Uveitis is inflammation of the central pigmented layer of the eye known as the uvea or uveal tract. Uveitis has different effects on different people depending on which part of the uvea has been affected.

Uveitis can affect people of any age, however, most common between the ages of 20 and 59. It is believed to affect around two to five out of every 10,000 people.

Although it is not a common eye condition it is a leading cause of visual impairment in the UK. Estimates suggest that the more extreme cases of uveitis are responsible for one in every 10 cases of visual impairment in the UK.

One or both eyes can be affected by uveitis with symptoms either developing suddenly or over the course of a few days.


There are several symptoms associated with uveitis. Sufferers may experience a painful red eye. This pain can range from mild aching to an intense discomfort.
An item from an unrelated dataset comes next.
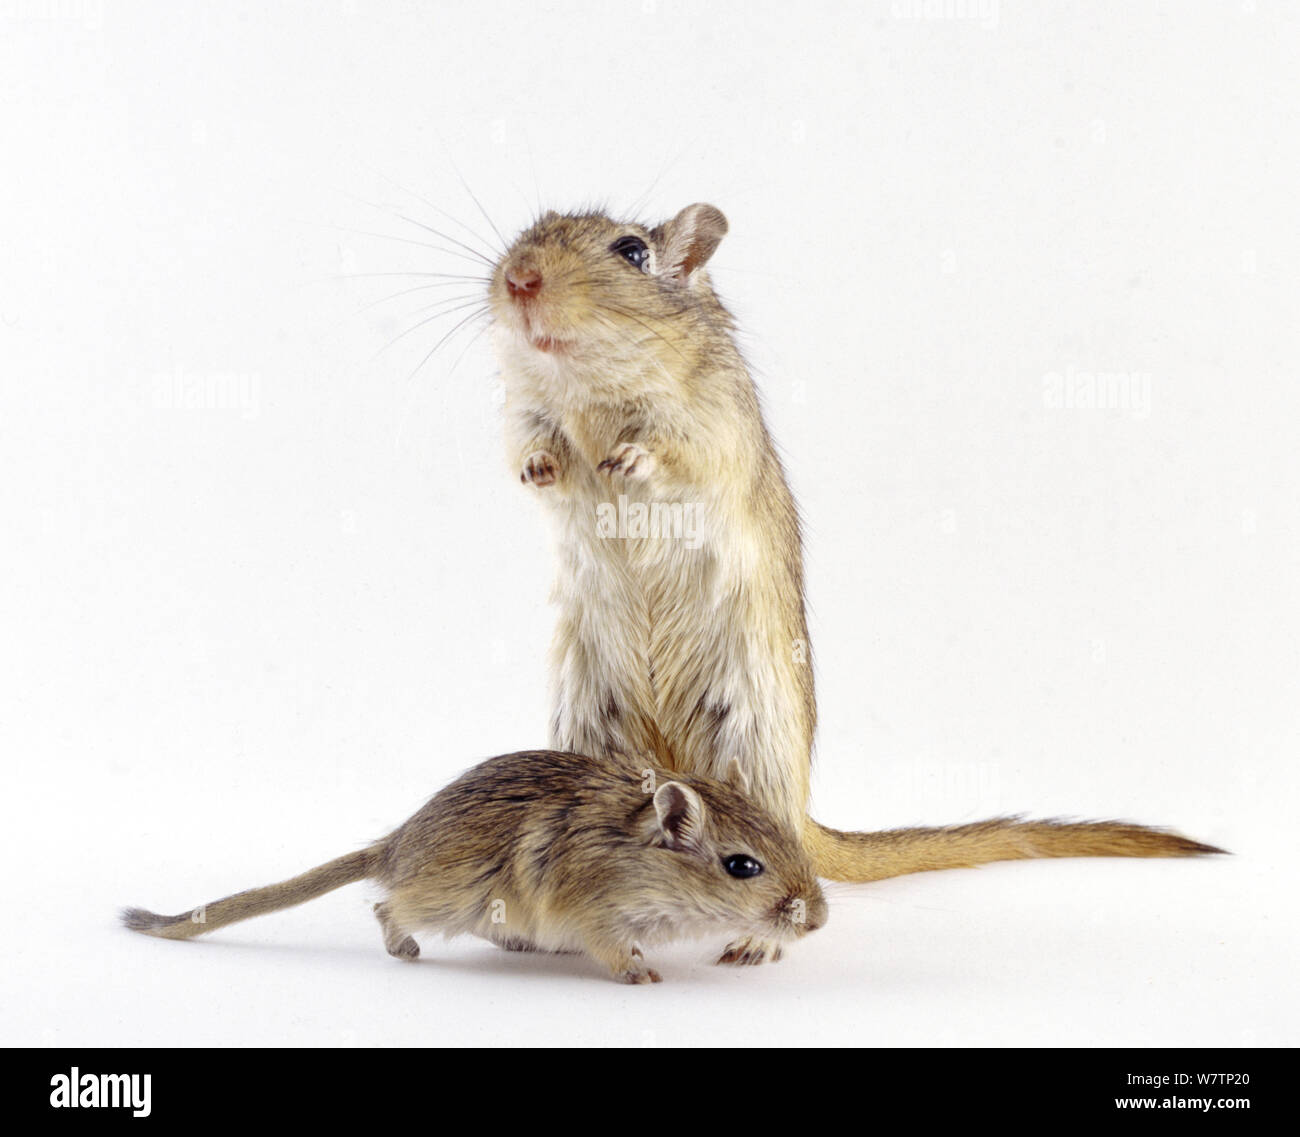 Agouti Mongolian Gerbil (Meriones unguiculatus) mother with baby, against white background Stock Photo

Vision may become blurred or cloudy and you may experience increased sensitivity to light (photophobia).

Floaters may appear that move across your field of vision. Floaters may take the form of shadows, webs, dots or veils.

A loss of peripheral vision and regular headaches.

Uveitis can affect one or both of your eyes. Symptoms can develop suddenly or gradually over a number of days.

Diagnosis, Screening and Tests

When you visit an eye specialist (ophthalmologist), they will likely conduct a complete eye exam and gather a thorough health history. You may also require:

  • Blood tests
  • Analysis of fluid from the eye
  • Photography to evaluate the retinal blood flow (angiography)
  • Photography to measure the thickness of the retinal tissue and to determine the presence or absence of fluid in or under the retina

If your ophthalmologist thinks an underlying condition may be the cause of your uveitis, you may be referred to another doctor for a general medical examination and laboratory tests. Sometimes it is difficult to find a specific cause for uveitis. However, your doctor will try to determine whether your uveitis is caused by an infection or another condition.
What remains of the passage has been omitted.